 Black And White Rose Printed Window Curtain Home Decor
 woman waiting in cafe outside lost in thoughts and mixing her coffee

---

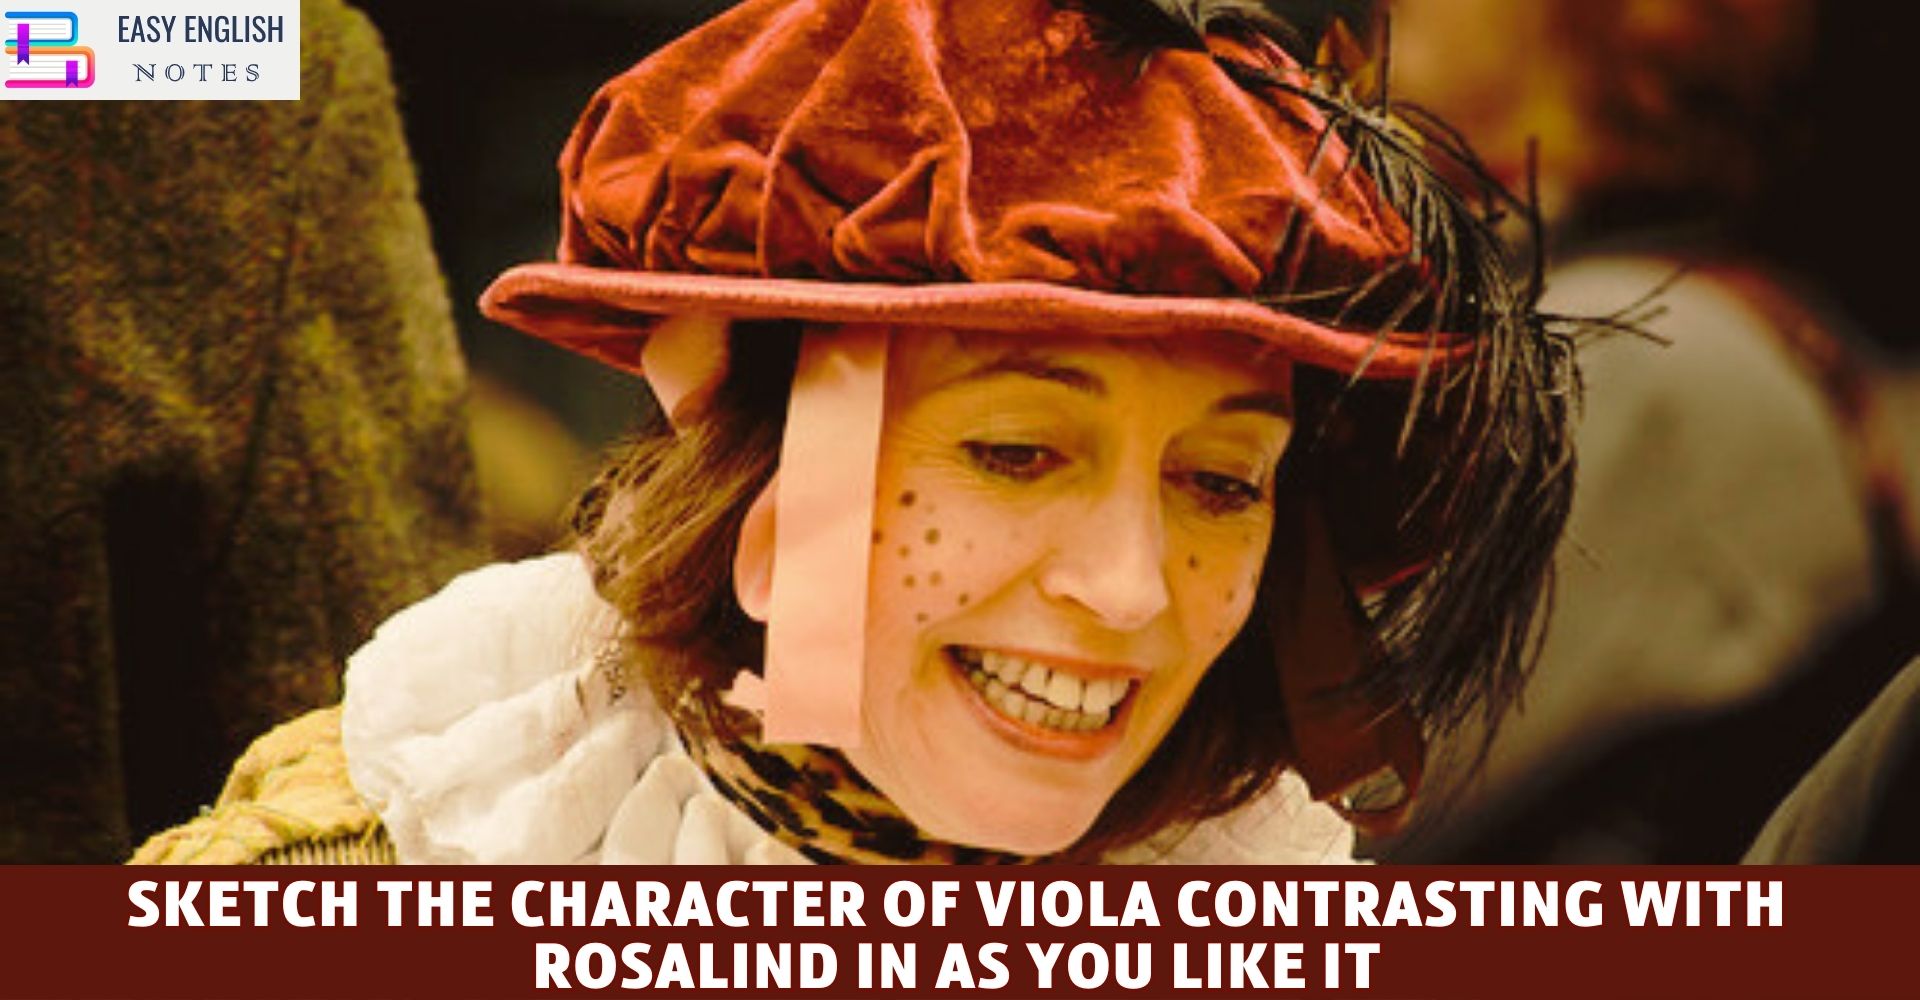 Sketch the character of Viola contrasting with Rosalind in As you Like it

## EXERCISE GOAL
Please give again the lines above between the line holding "Black And White" and the line holding "woman waiting in", inclusive, exactly as they are and with nothing added.

## WRITTEN RESPONSE
 Black And White Rose Printed Window Curtain Home Decor
 woman waiting in cafe outside lost in thoughts and mixing her coffee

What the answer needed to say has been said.